The literature on AM supply chain [2, 5, 38] reveals that the implementation of AM may impact different supply chain players such as suppliers, manufacturing firms and customers. Agile and responsible supply chain operations are necessary by coordination between supply chain players to leverage AM technology. However, it is ranked 6th in the hierarchy, indicating that the supply chain plays a mediating role in AM implementation strategy to improve its competitiveness further, as suggested by [19]. Besides, customer's active participation in various business facets such as product designing, customization and delivery feedback is an essential aspect of AM implementation. Thus, integrating such supply chain practices is required while formulating AM implementation strategy to gain a competitive edge for the firms.

A synchronous flow of information is necessary for effective and efficient communication. However, according to expert priorities, information sharing and education and training are not relevant factors during early implementation of AM and, thus, places at the bottom of the hierarchy. However, additional factors may be considered in the hierarchical model based on different manufacturing firm's specific requirements.

Conclusion

Most of the industries are still struggling to identify important factors hindering AM implementation. This work aims to identify important AM implementation factors and prioritize them using the analytic hierarchy process (AHP). A total of 11 factors were identified from previous literature. AHP model and prioritization of important factors responsible for implementing AM technology enhance rigor in AM implementation strategy formulation. The analysis shows that top management commitment is placed at rank 1 in the hierarchy.
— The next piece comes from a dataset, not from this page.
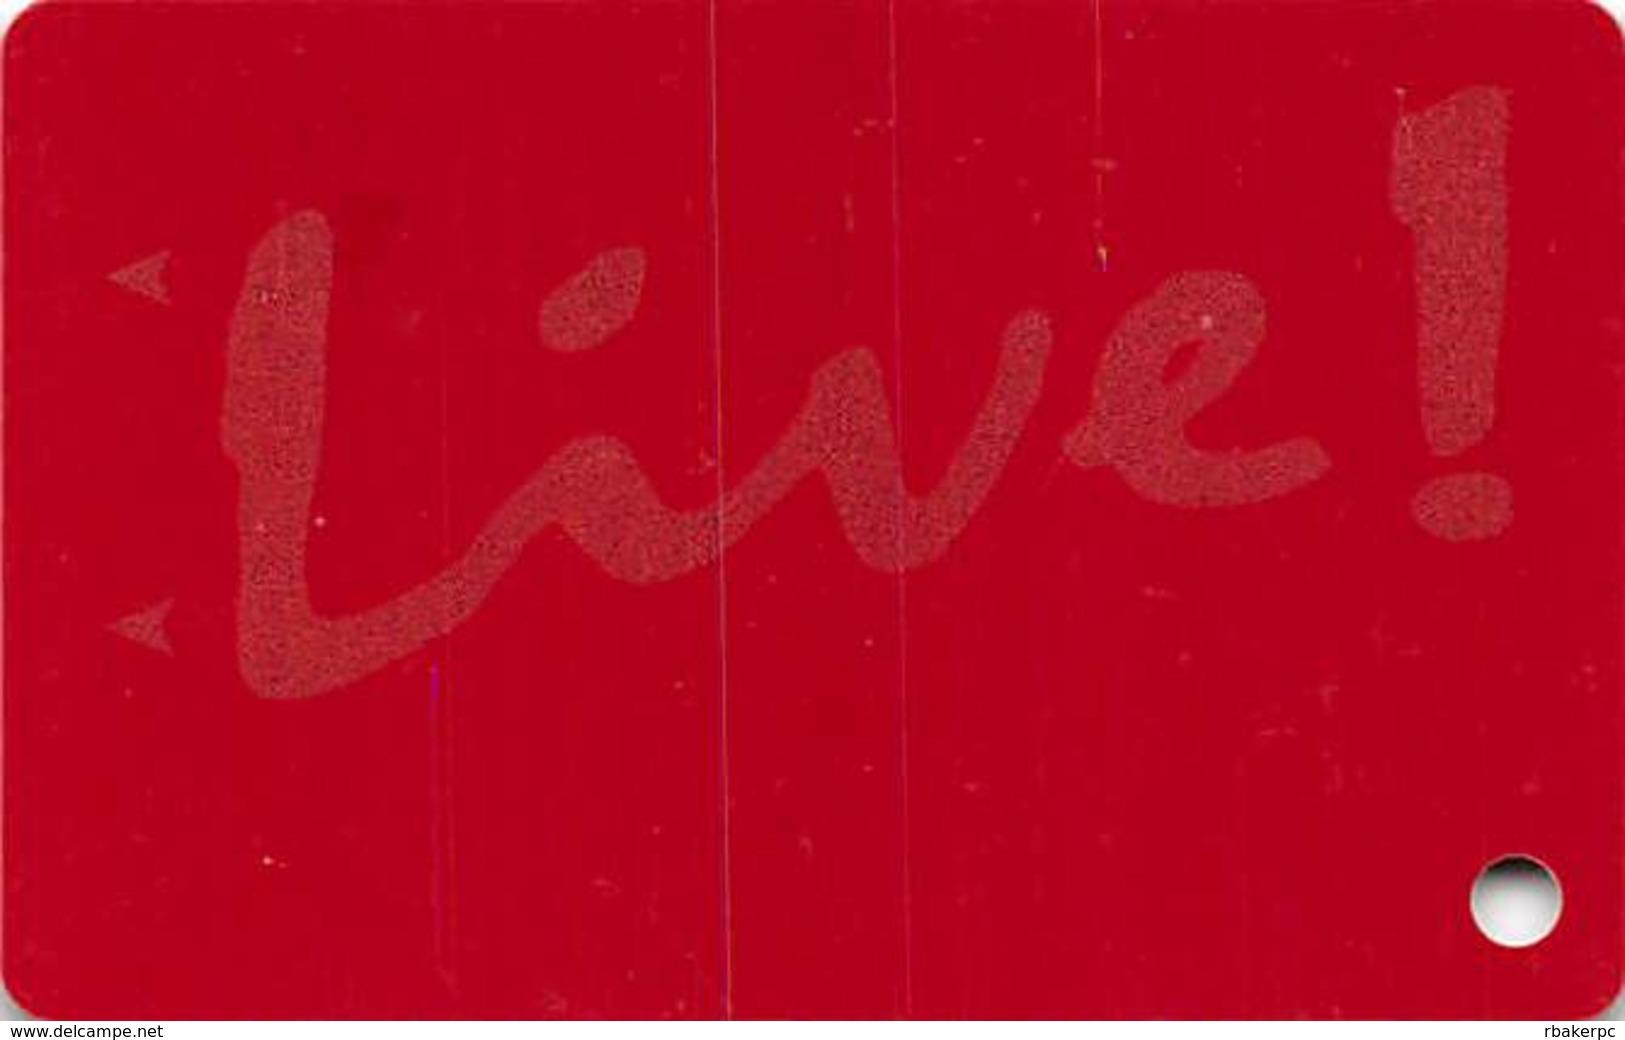 Maryland Live Casino - Hanover, MD - Slot Card - Casino Cards

This finding is consistent with the previous literature [17, 19, 21, 22], highlighting that uninterrupted support from top management is essential for successful AM implementation.
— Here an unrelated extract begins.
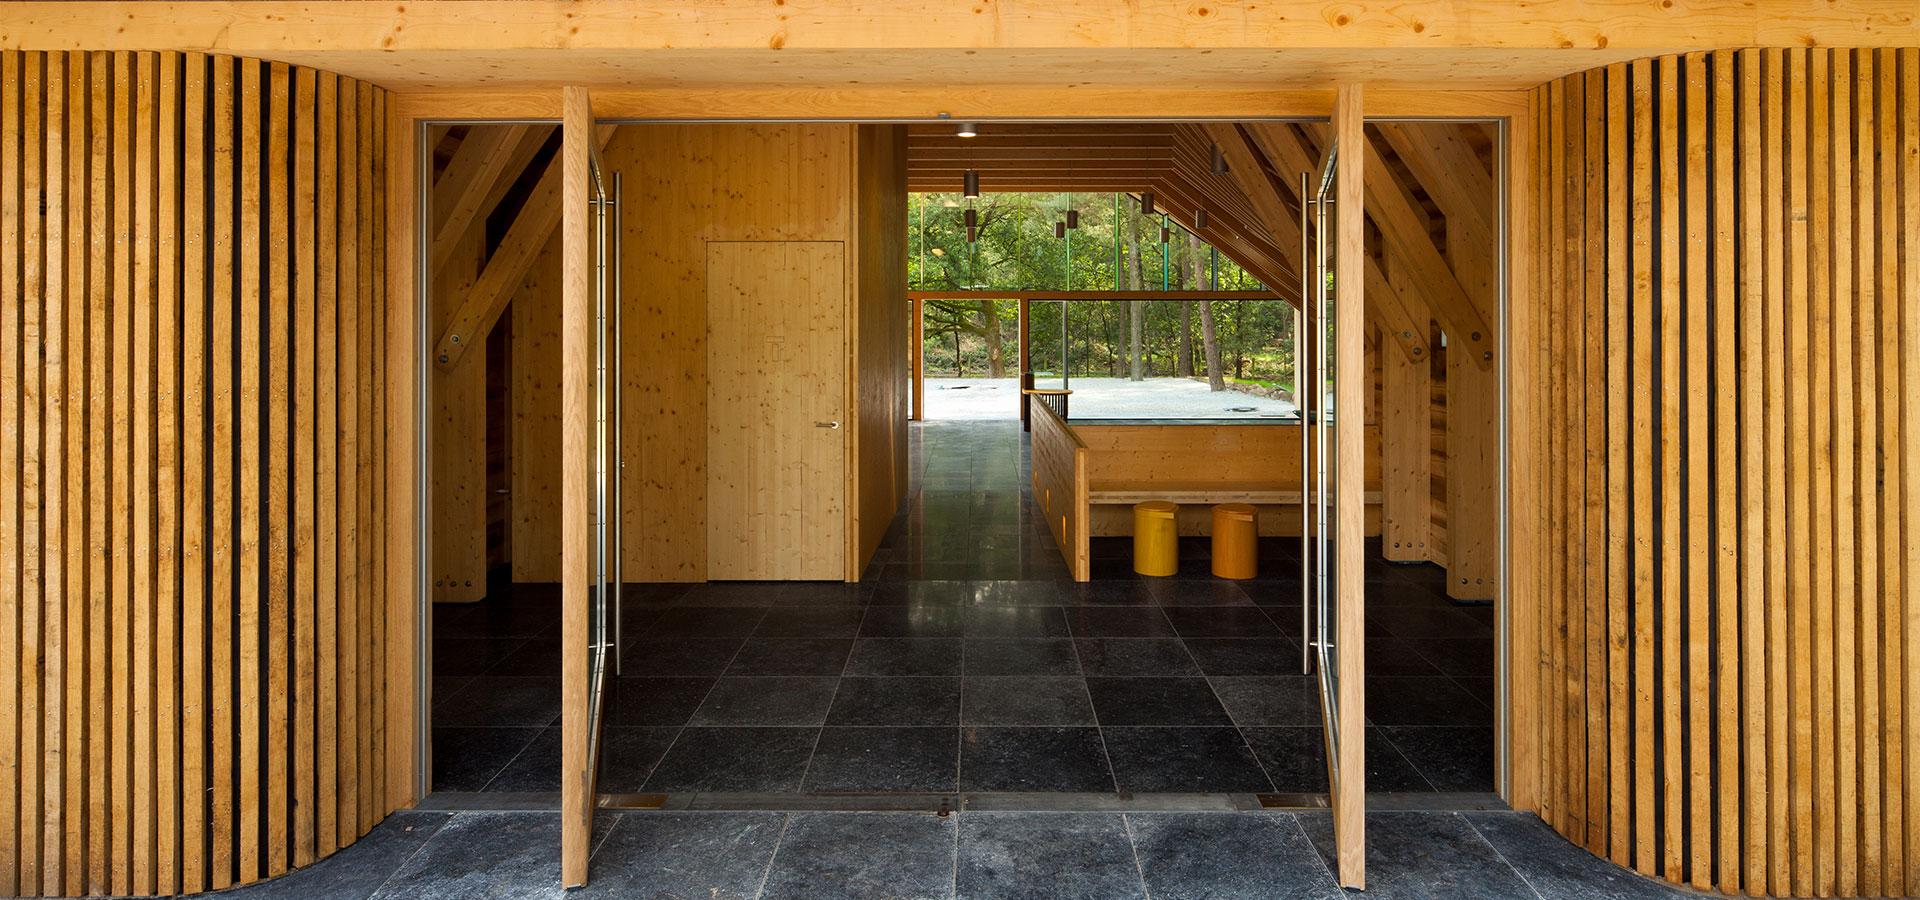 FARO architecten Kerkje Elspeet 05

This work can help understand the AM implementation process and operational and implementation challenges, which will help industry managers plan effective AM implementation strategies. The extension of this work would be prioritizing the factors using the analytical network process (ANP) or interpretive ranking process (IRP). Additionally, the prioritization of factors based on challenges faced by different departments within the organization may vary and provide a distinct perspective that further needs to be mitigated.